An Unusual Christmas Wish

If I had one wish it would be to have more time. Not time in a day or time for getting things done but time that I didn’t get; that was lost. My life is a lot like a blank slate in many ways since I lost my mother so young. My memory of her is a tangled mess of broken pieces that are faded and unclear sprinkled with a few bright moments that are so brilliant they illuminate the absolute desperation of the wet hard road of my childhood. The floor didn’t just fall out from under me the house caved in on my head as well and just as I dug up out of the rubble my darling sister died. Fucking time again. It managed to lasso me with my back turned. She was gone and what might have been was miles back on that bloody fucking road again. So it’s time that I would wish for, memories that were never stored, logged, booked, banked.

…..And my solution is that the next twenty years of my life are going to be dramatically different from the last twenty years. I’m going to write more, paint and listen to music every chance I get. I will spend quality time with my kids and do everything in my power to never become my parents. I vow to enjoy the scenery and not take things so seriously. I’m going to try to learn to appreciate my gifts and life skills and while this road has been brutal; left me jaded, torn, run-down and left for dead, it’s also taught me to survive and then how to succeed. So it’s not about everything that I remembered; that I hate about my past and what I lost. The answer is in how to change the future; survive; succeed.

The Stonewall Effect

The soundtrack of my childhood is a beautiful and bitter goulash of Presley, Franklin, Ross, violence and hatred. The blood spatter that stained our stairway walls never washed off because no one bothered to address it in between beatings. It’s unclear to me still if anyone ever knew the stains were so prominent or if I just noticed them as my hair was being ripped out at the scalp.

The seventies weren’t as beautiful as GQ and Playboy make them out to be on account of my functionally alcoholic parents. The true romance of growing up in the fifties and sixties was that bourbon was actually served with every meal including holidays unless it was a Sunday in which case copious amounts of wine and brandy were in every glass. There were drinks at every meal; near applause when the ice jingled like tiny bells into the first glass and screaming when the first knuckles berthed onto skin. It was liquor that afforded me a sickness I never wanted and a big screen to watch and learn several generations try and fail, laugh and cry, sin and be victims. I knew from a very early age the person I never wanted to be and I always felt a secret bit of kept joy that I escaped my own demise. It’s as though I’ve escaped a lifetime that passed me by on a train. I did not wave and but also I did not fully appreciate the gravity or significance of my fictional deposition. What I did do was survive.

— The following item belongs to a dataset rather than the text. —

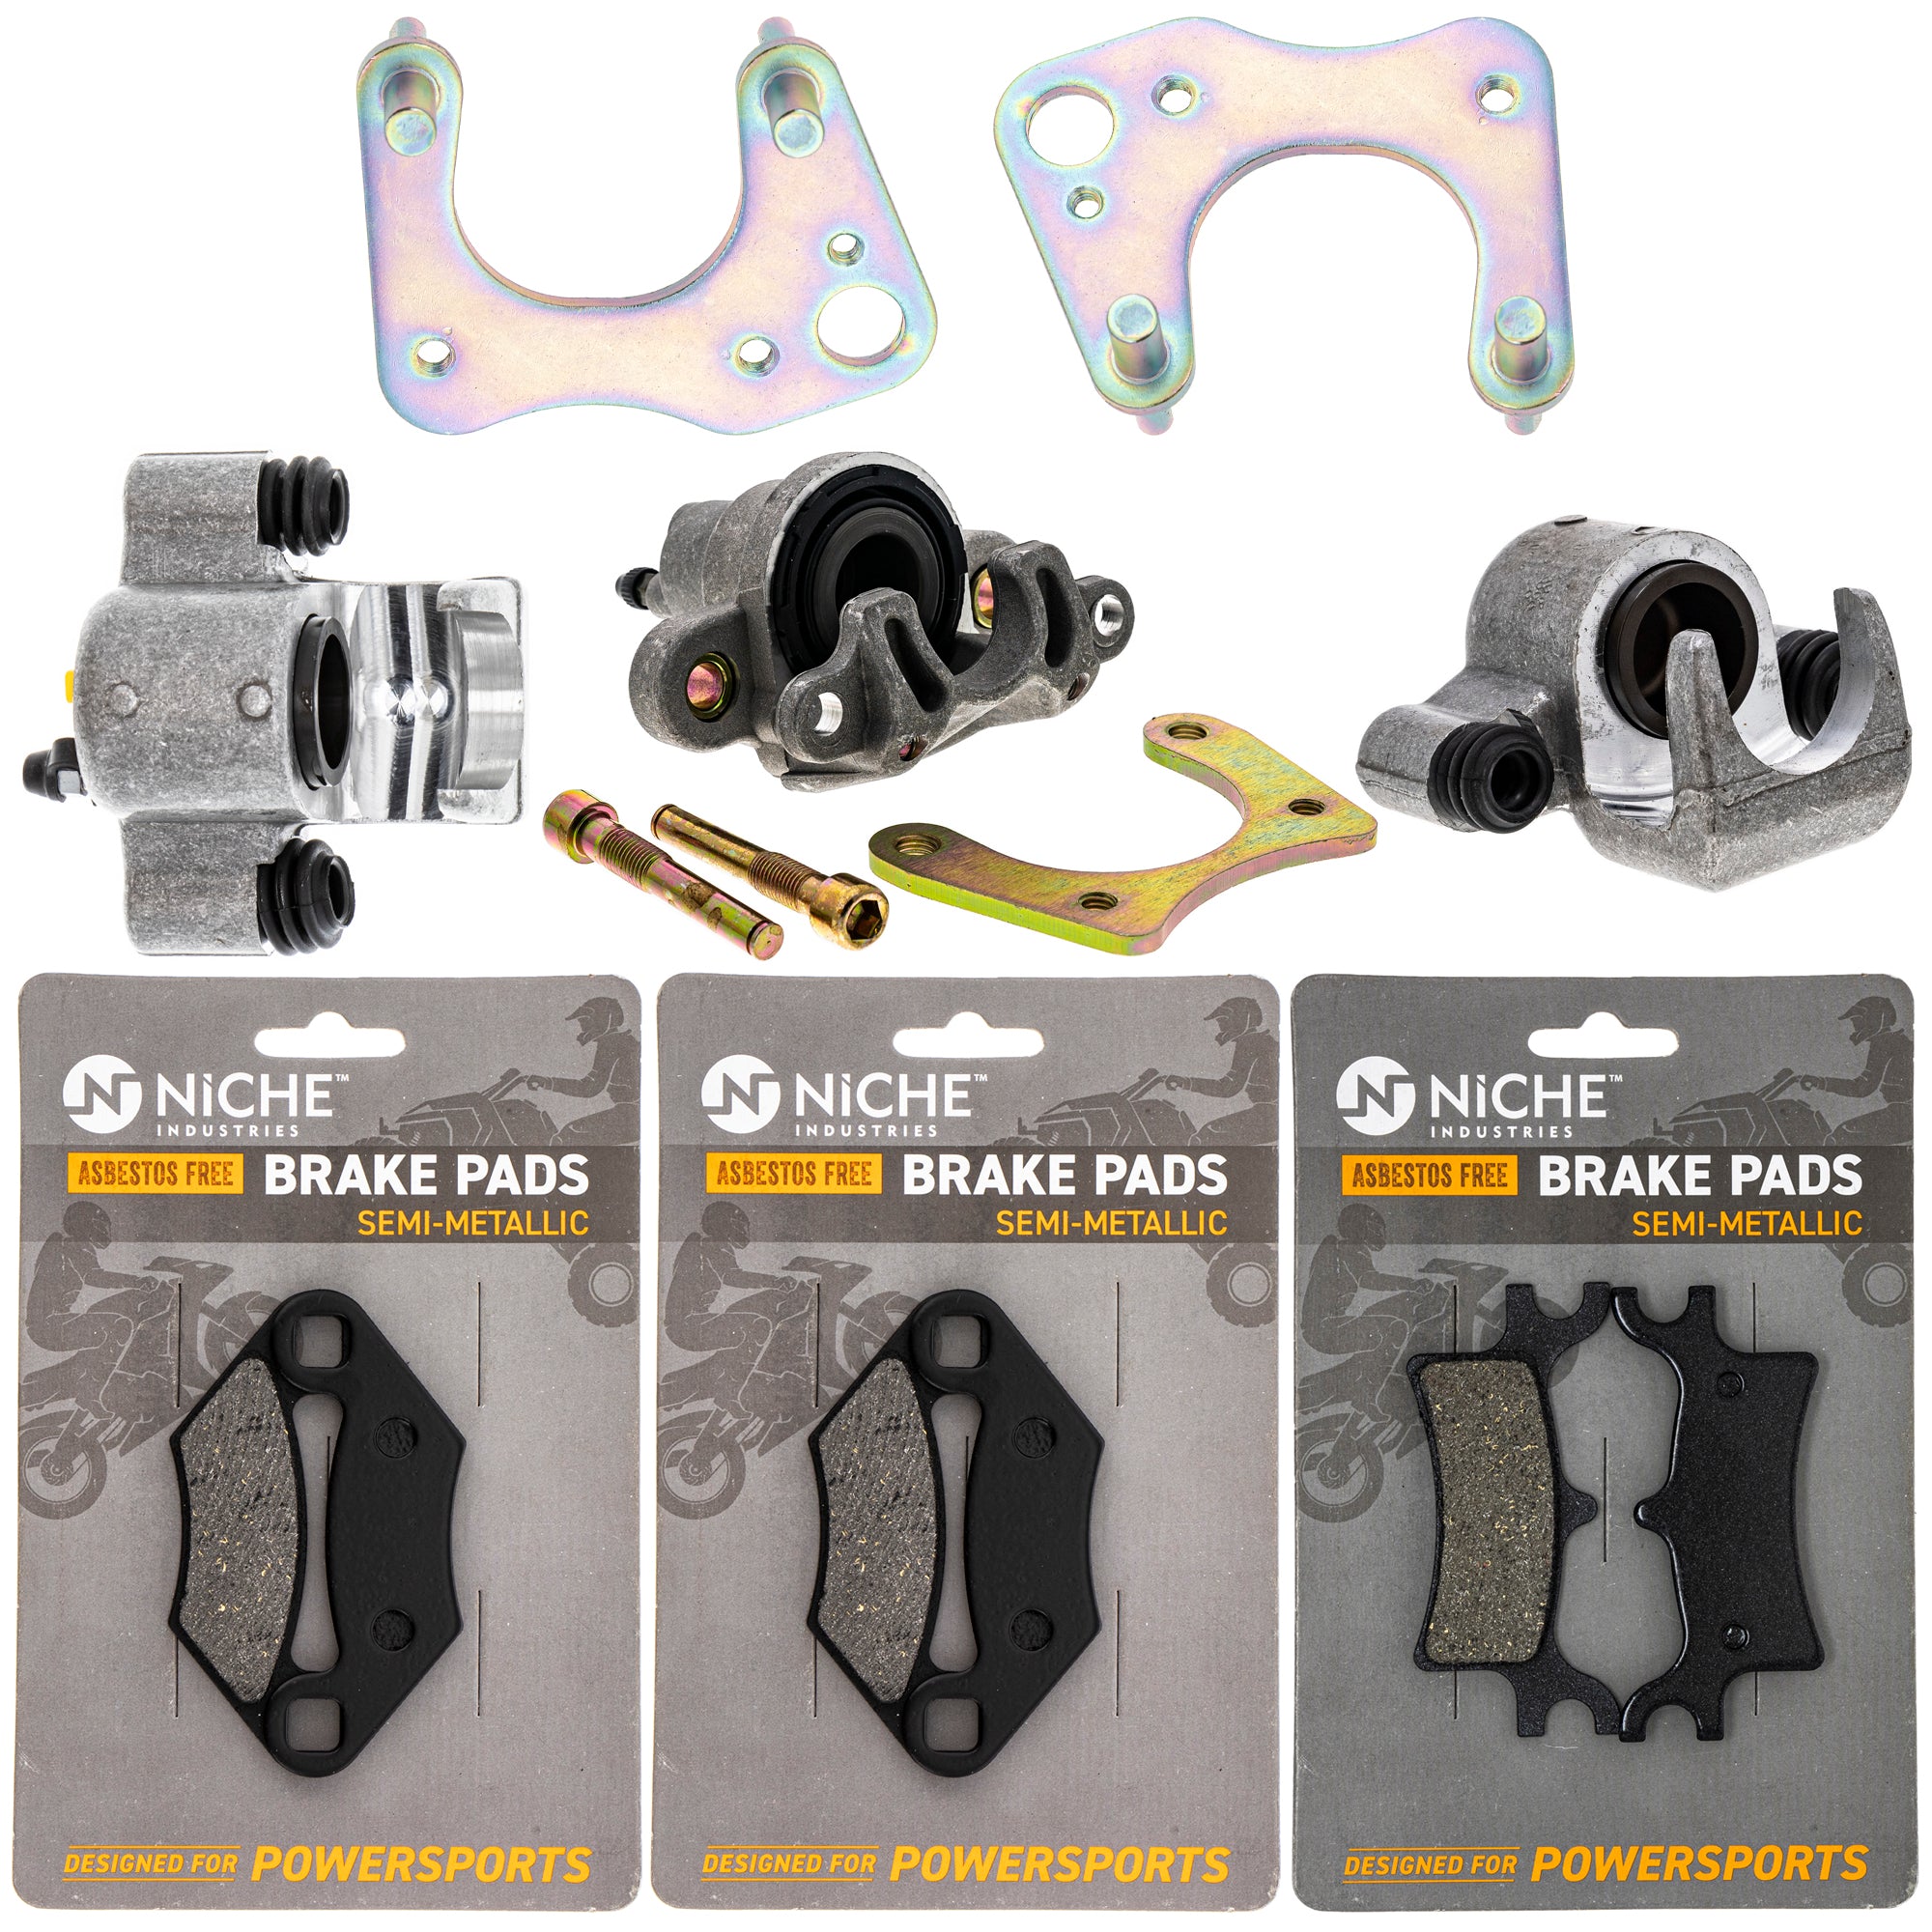 Brake Rebuild Kit Calipers & Pads (3) for zOTHER Polaris GEM Trail Sportsman Scrambler NICHE MK1008213

The one thing I never planned on was that it would take me so long to learn how to make good choices. Not like having ordered the best plate on the menu or feeling as though you found a really great pair of jeans. After decades of watching the women I love being treated like professional whores it would seem like a high school diploma and the University of Kansas might have cured me of needing something just short of a rape kit.

So my New Year’s resolution in July is to spend the last six months of 2014 escaping regret that I don’t absolutely have to pay for. I’m not afraid of the future but rather the past. My alcoholic father likes to brag that Stonewall Jackson is a distant and historically important relative to this family which is probably total crap with the exception that according to namesake, we are inherent bullshitters.